Task directions >> From the records that follow, return exactly the lines beginning at the one that contains "Ferrari Logo for" and ending at the one that contains "felhasználónév és jelszó", pictures left out.

Extracted material >>
-- -- --

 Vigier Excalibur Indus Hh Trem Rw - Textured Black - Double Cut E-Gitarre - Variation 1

-- -- --

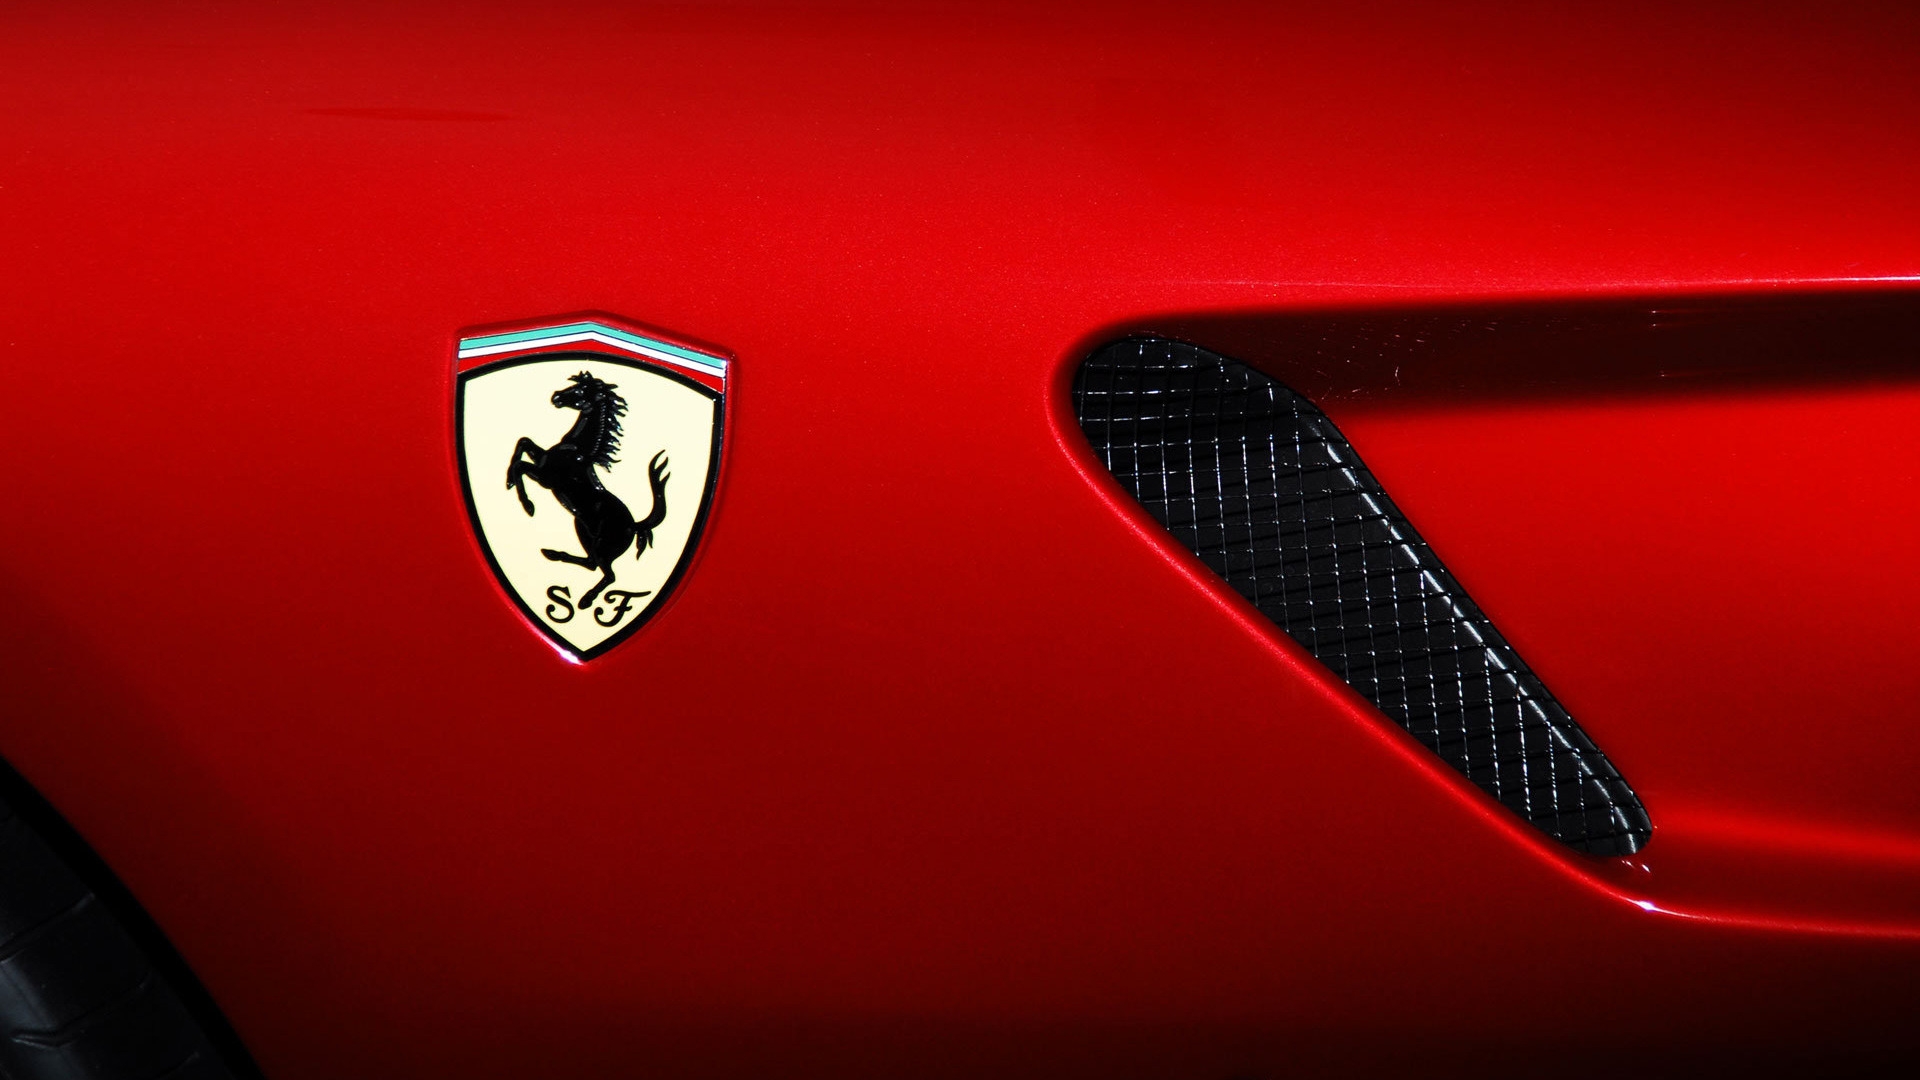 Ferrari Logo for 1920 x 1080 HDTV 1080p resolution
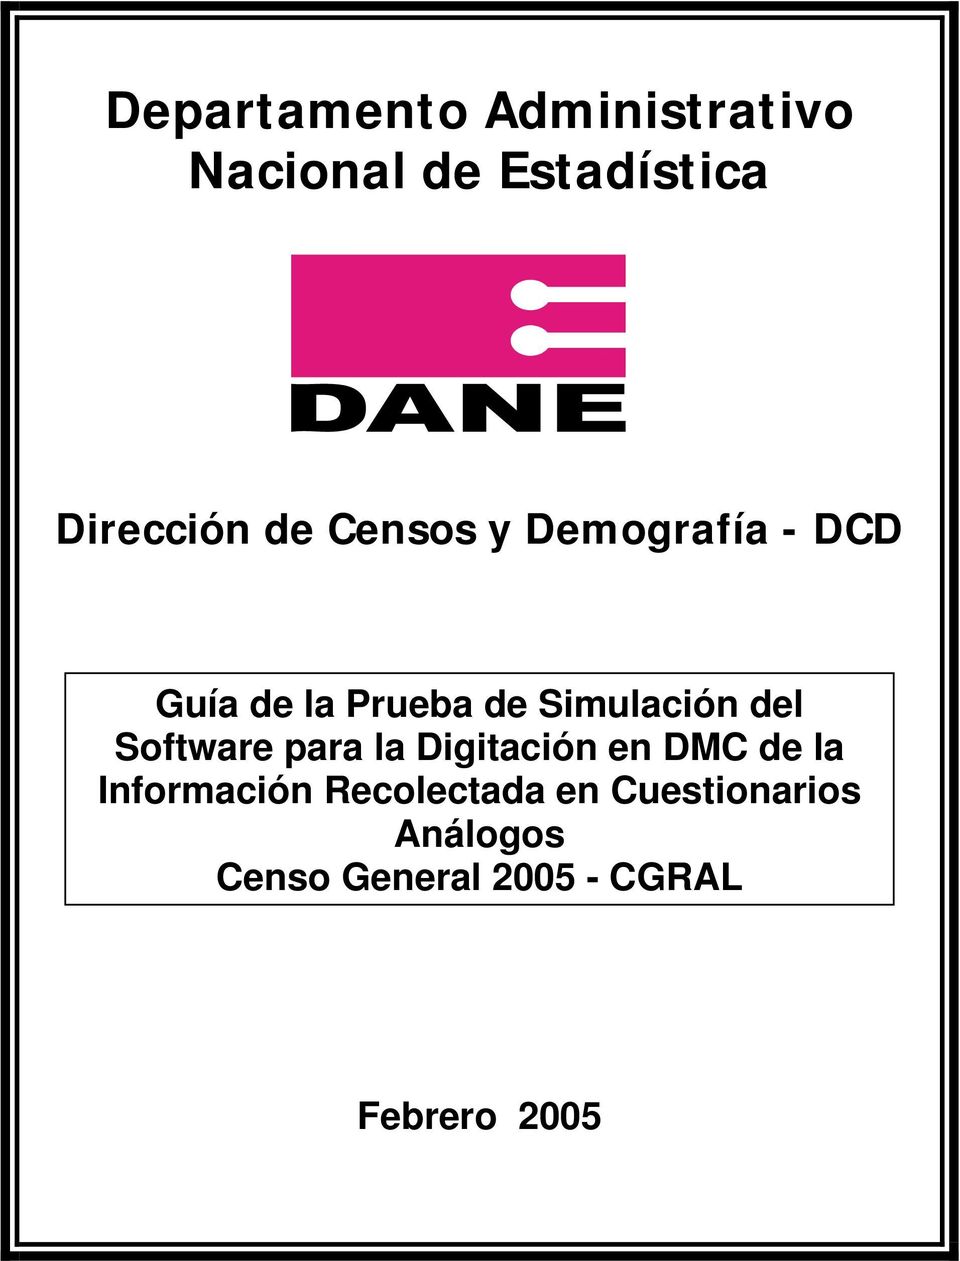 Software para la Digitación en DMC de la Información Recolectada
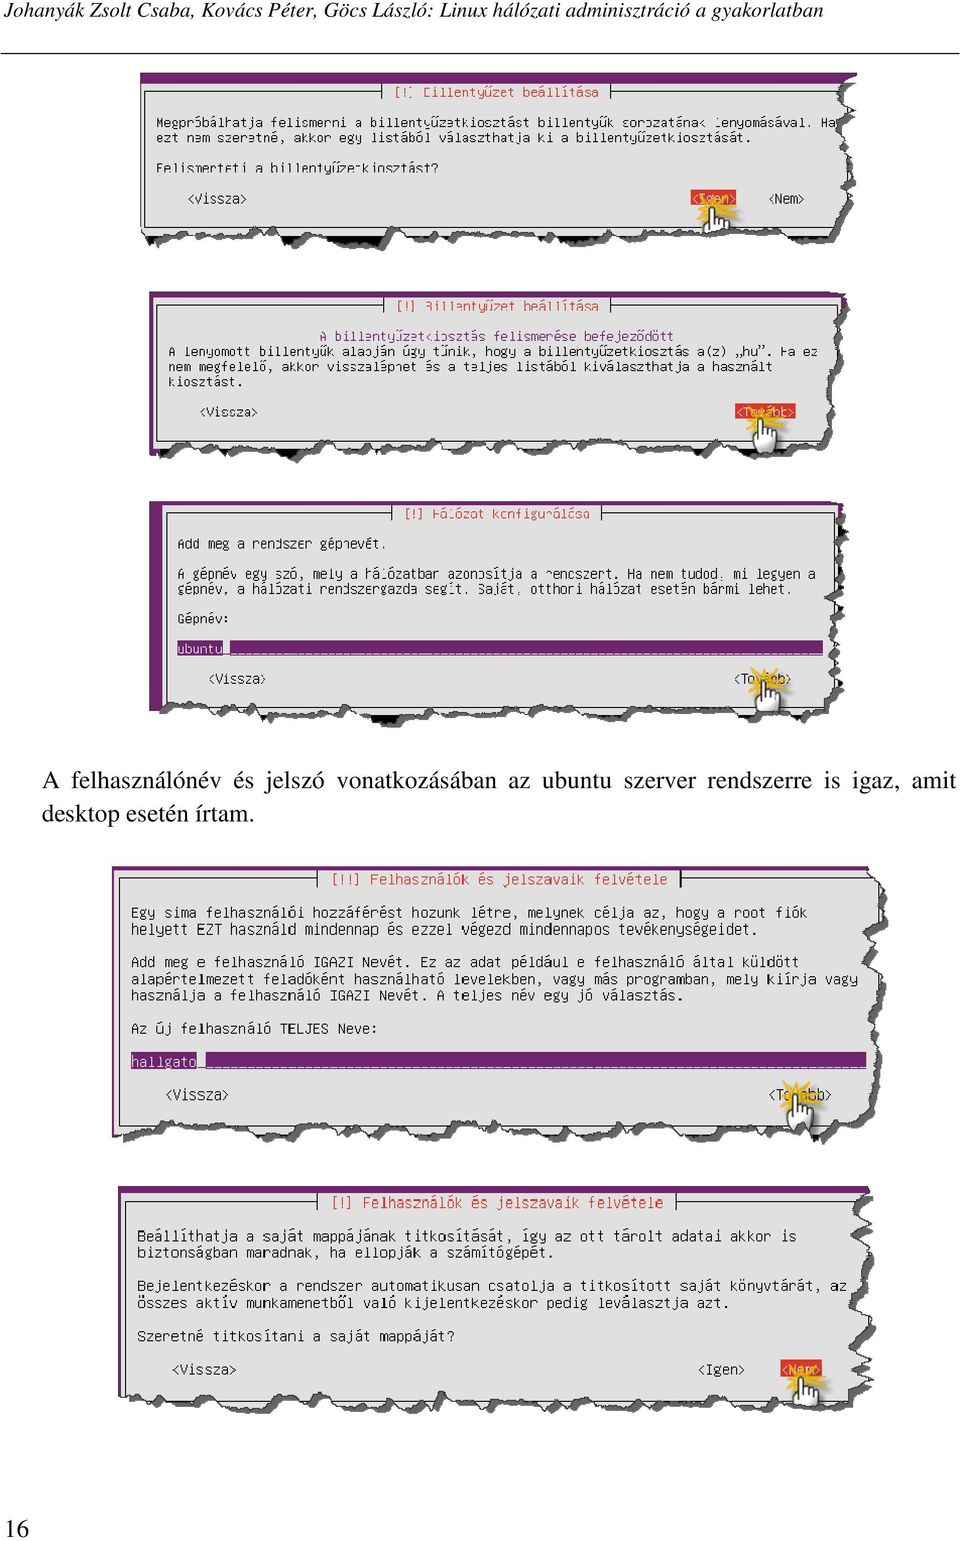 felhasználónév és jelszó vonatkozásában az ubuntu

-- -- --

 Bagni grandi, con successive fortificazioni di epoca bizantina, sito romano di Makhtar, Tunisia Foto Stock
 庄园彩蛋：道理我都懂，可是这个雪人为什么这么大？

-- -- --

Response box >>
 Ferrari Logo for 1920 x 1080 HDTV 1080p resolution
 Software para la Digitación en DMC de la Información Recolectada
 felhasználónév és jelszó vonatkozásában az ubuntu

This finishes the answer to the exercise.